Why it works: If you can wrap your head around it, David's meta experiment far exceeds your average reunion spin-off show. Seinfeld fans get to see their favorite neurotic characters in the same familiar, cereal-laden apartment, acting out their lives after an 11-year hiatus. And the events that took place for the characters over that decade are well thought out. George, for example, made millions off of an app that directed the user to the nearest public toilet only to be duped by Bernie Madoff. It's like the Modern Seinfeld Twitter feed played out on TV: Genius. 

7. Blossom friends on 'Til Death

The former characters: Mayim Bialik starred as Blossom on the eponymous show. She's a teenage girl living with her father and two brothers who adjust to life without their mother, who left the family behind. Her best friend, Six (Jenna von Oy), was a fast-talking boy-crazy girl who thinks of Blossom's family as her own.

The reunion set-up: In the final season of the Fox comedy 'Til Death, which ended in 2010, Bialik played a therapist who tries to help one of the main characters Doug (Timm Sharp) overcome the belief that his life is a sitcom. To do so, Bialik invites her former fake-family, including von Oy and Blossom's oldest brother, actor Michael Stoyanov, to join the session. Bialik tries to show Doug the distinction between people who were actually on a sitcom "versus the fantasy of believing you're currently in one."
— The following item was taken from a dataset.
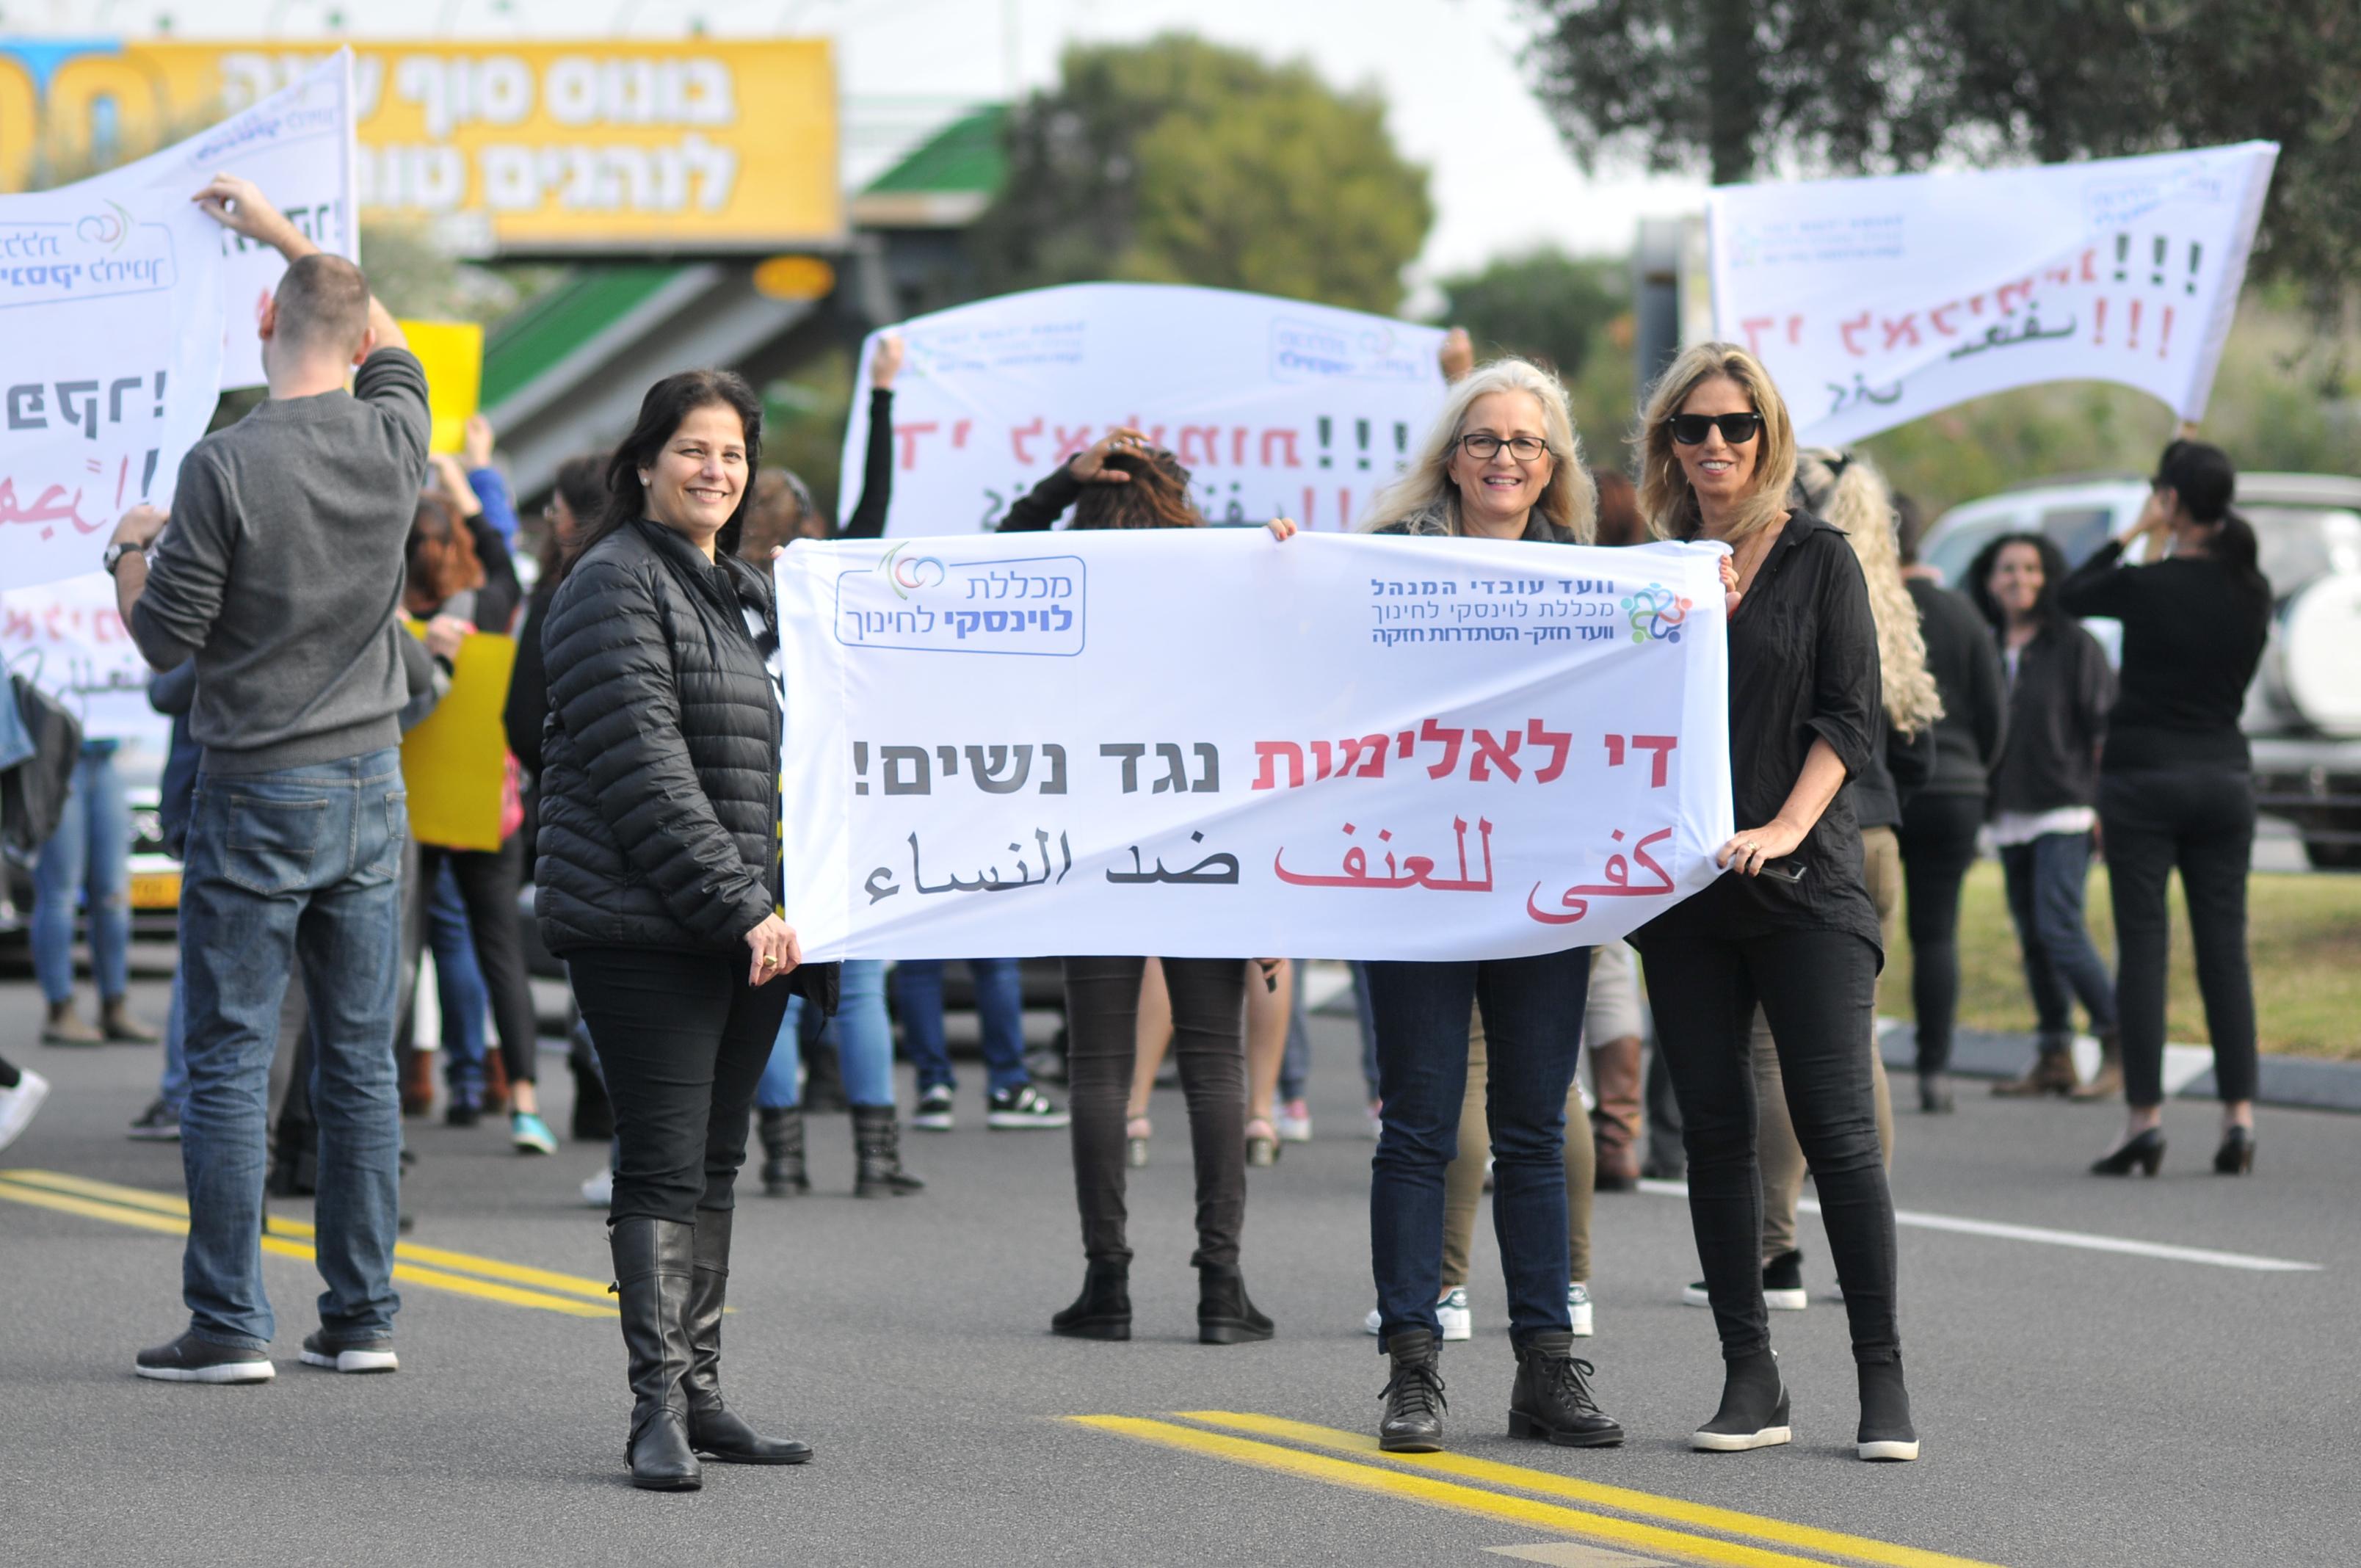 מחאת הנשים, מכללת לוינסקי לחינוך

Why it works: It's not perfect — all of the Blossom actors, including Bialik, are guest stars, making the reunion a little forced. However, it succeeds in its mocking of the "where are they now" question that plagues stars of long-gone shows. Von Oy and Stoyanov take turns poking fun at the other's lowly career since Blossom ended. 'Til Death also creates its own meta moment: The other purpose of the therapy session is for Bialik's character to film and star in a reality show about actors who used to be on sitcoms, which is often how former stars attempt to regain their lost fame.

8. Married with Children father and son on Modern Family

The former characters: On the long-running Fox sitcom Married… with Children, Ed O'Neill played Al Bundy, the once heralded high school football star turned women's shoe salesman. David Faustino played his girl-crazy son, Bud, who is lauded as the only Bundy to attend college.

The reunion set up: Ed O'Neil plays Jay Prichett, the patriarch of the so-called Modern Family that includes his daughter Claire, son Mitchell, and their respective families. Claire goes to her college reunion where she runs into her old buddy Drew/"Tater" (David Faustino). Claire's husband Phil mistakenly assumes Tater was Claire's last ex-boyfriend and tries to intimidate him. Jay, meanwhile, saves the rest of the family from the wrath of his wife Gloria after a wig is accidentally glued onto their newborn son, Joe. (Click here to watch the full episode.)

Why it works — a little: So perhaps this particular example is more of an honorable mention than a "best." Of all the reunions it's the least successful. While it's funny to imagine Faustino's character as a threat to Claire and Phil's marriage, the former Bundys don't even share any screen time. As The Huffington Post puts it, "Jay was too busy being a better parent to Manny than [Al Bundy] had ever been to Kelly and Bud on Married." Burn.